The “Life Interrupted: Reunion and Remembrance in Arkansas” DVD, created by the Frank H. Watase Media Arts Center of the Japanese American National Museum, earned a 2007 Silver Telly Award in the outstanding non-broadcast video production category, the highest honor presented by a judging panel of accomplished industry professionals.
This is the 28th year that the Telly Awards have been presented, honoring outstanding TV commercials, programs, film, video and web productions. A record 14,362 entries were received by the judging committees and less than 10 percent earn the highest honor of a Silver Telly.
The Watase Media Arts Center has been awarded several Bronze Telly Awards previously, but this is its first Silver Telly Award. The National Museum’s production, “Life Interrupted: Reunion and Remembrance in Arkansas,” is the culmination and documentation of a three-year project, Life Interrupted: The Japanese American Experience in World War II Arkansas.

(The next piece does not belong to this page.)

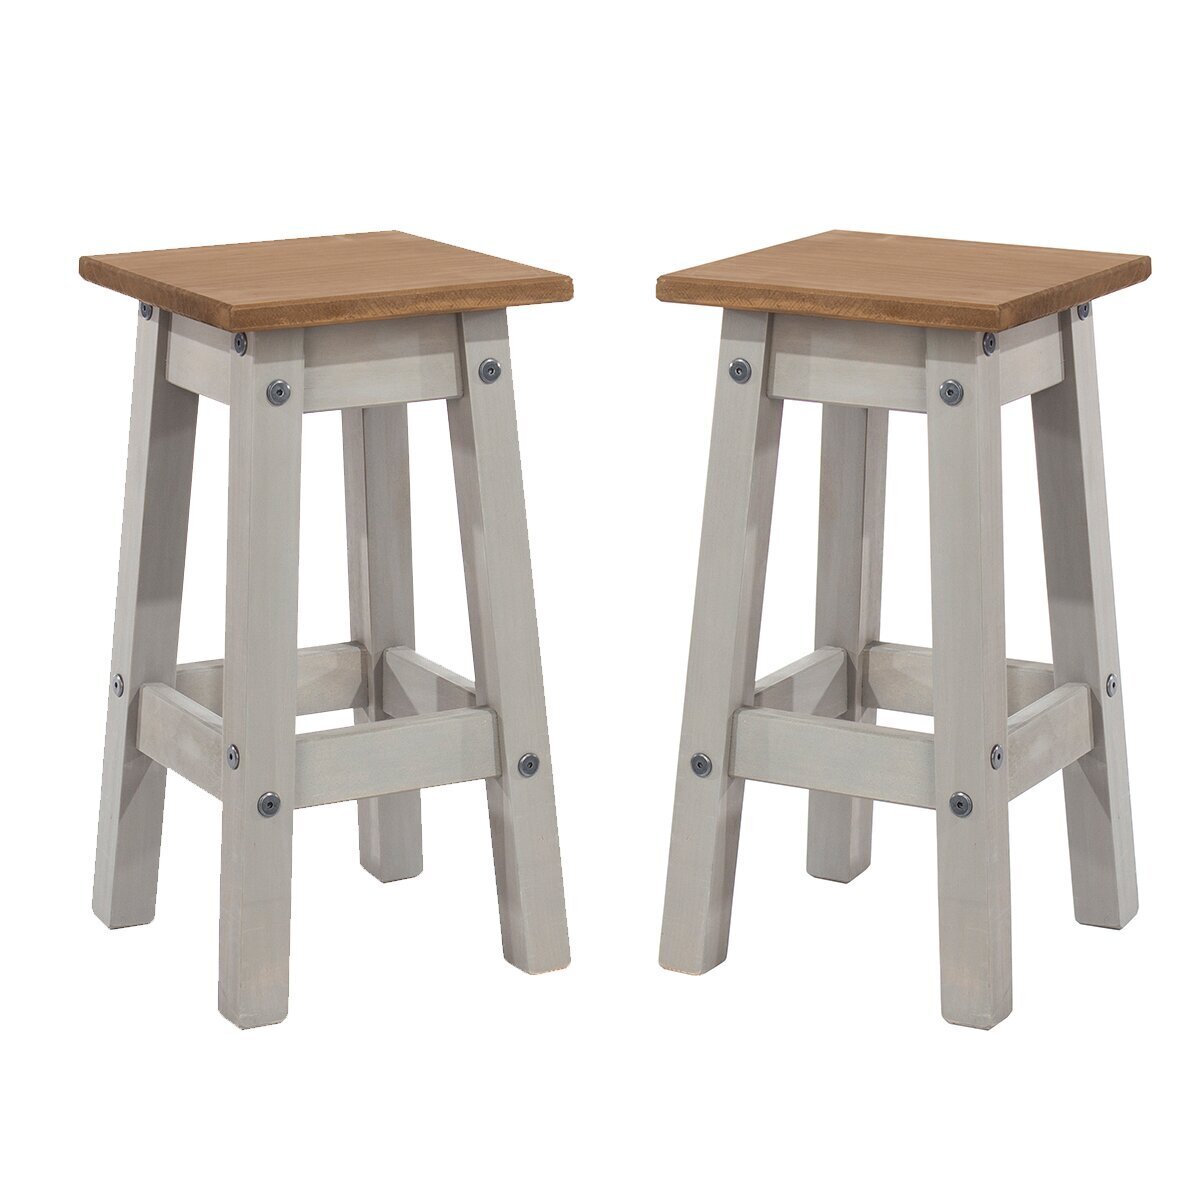 Cottage Style Stackable Wood Stools
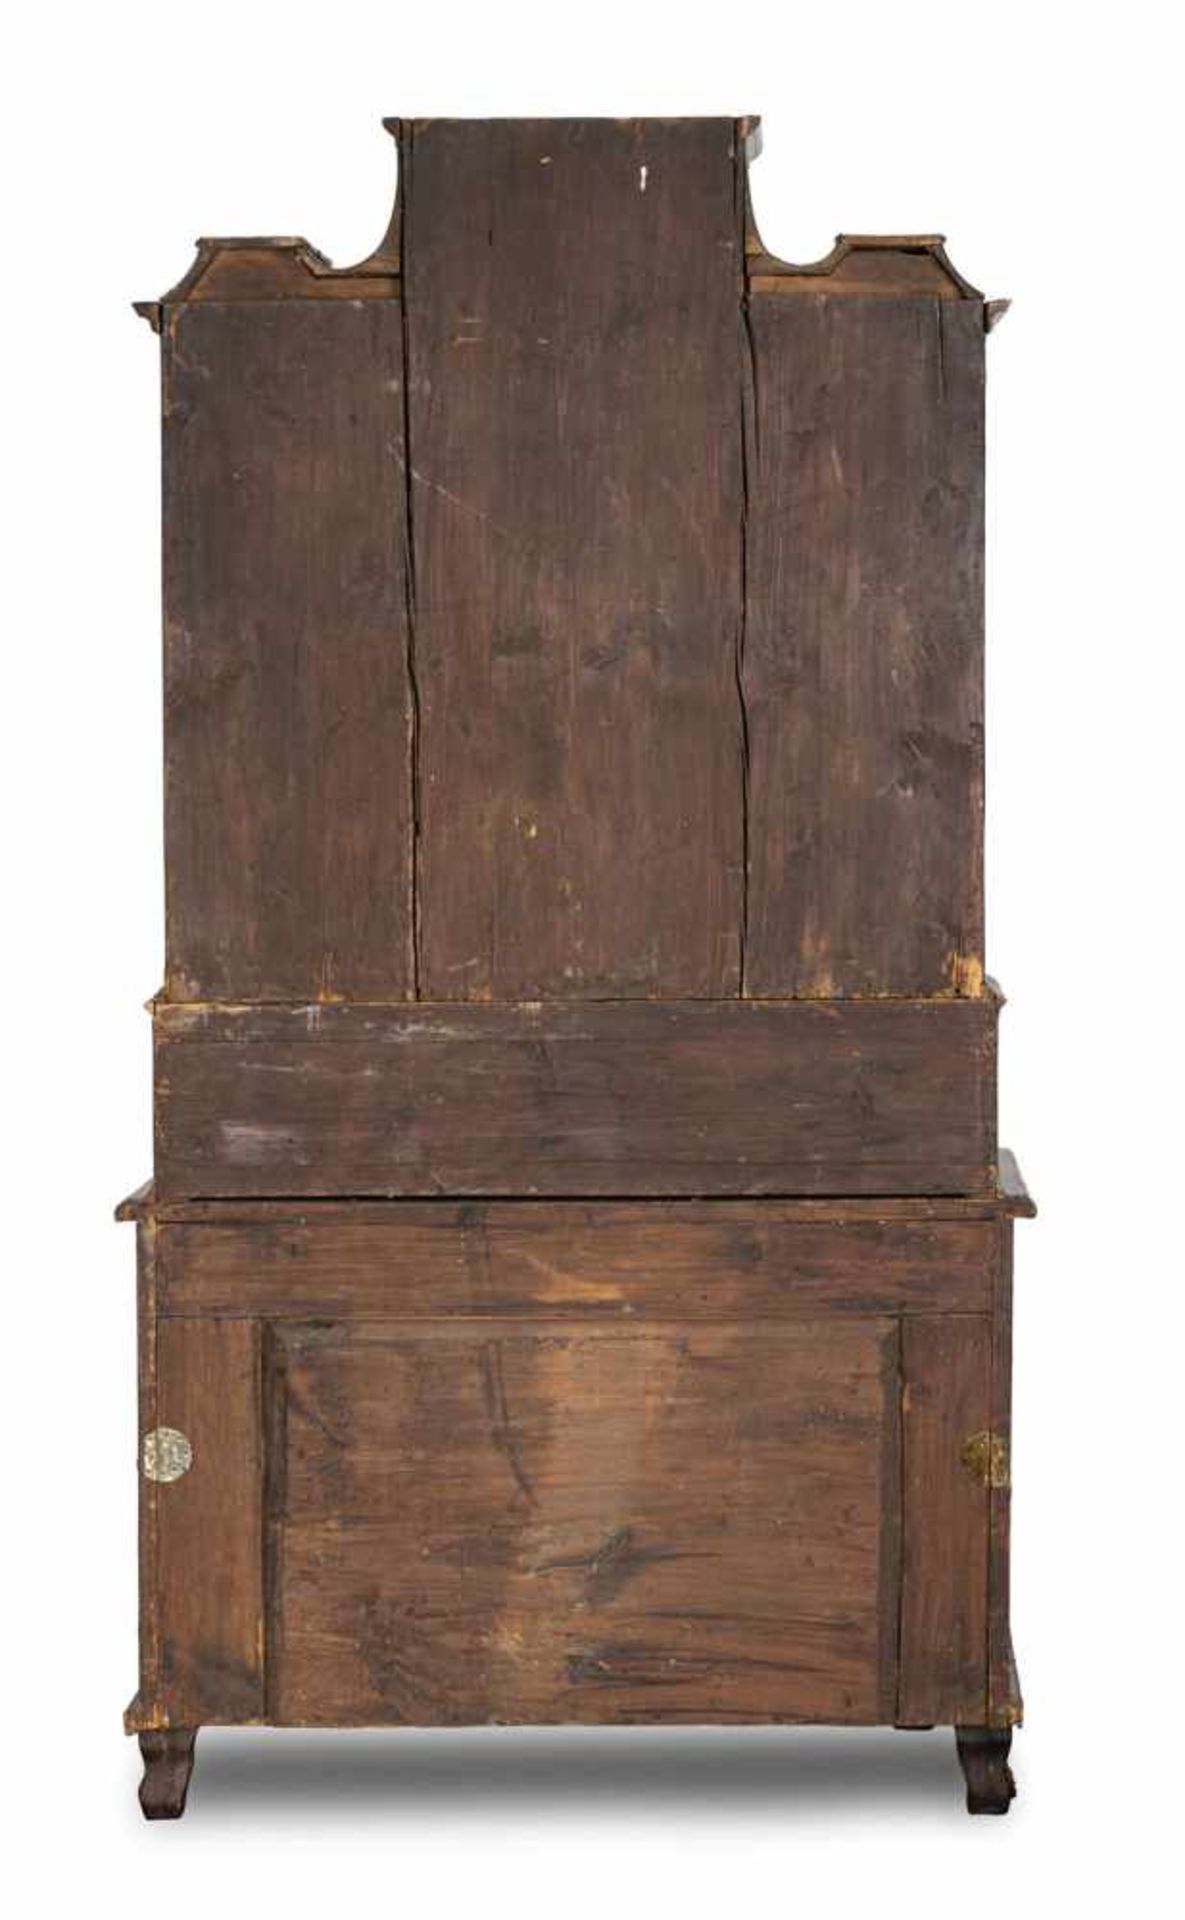 A Baroque brass mounted walnut and plum bureau cabinet, South Germany, mid 18th ct. Rest. Add. Signs - Bild 3 aus 3

“Life Interrupted” was a partnership between the University of Arkansas at Little Rock (UALR) and the Japanese American National Museum with major funding provided by the Winthrop Rockefeller Foundation. The project consisted of a national conference, “Camp Connections: A Conversation About Civil Rights and Social Justice in Arkansas,” that drew over 1,200 people to Little Rock, Ark., in 2004, the opening of eight exhibitions in venues around Little Rock, the development of a documentary, “In Time of Fear” that examines the Japanese American World War II experience in Arkansas, and the writing of a children’s book. A strong component of the project was the training of master teachers and the development of curriculum so that the story of Japanese American incarceration during the war will be taught in Arkansas schools for years to come.
The DVD includes video of Arkansas students and teachers sharing their newly discovered knowledge of a little-known chapter of their state’s history when the U.S. government unconstitutionally incarcerated nearly 16,000 Japanese Americans in two domestic concentration camps within the state during World War II. It also includes keynote speeches by U.S. Senator Daniel K. Inouye, actor George Takei, Lt. Governor Win Rockefeller, U.S. Senator Mark Pryor and others. The video also documents the return of many former inmates to the sites of the World War II camps, many having not visited for over 60 years.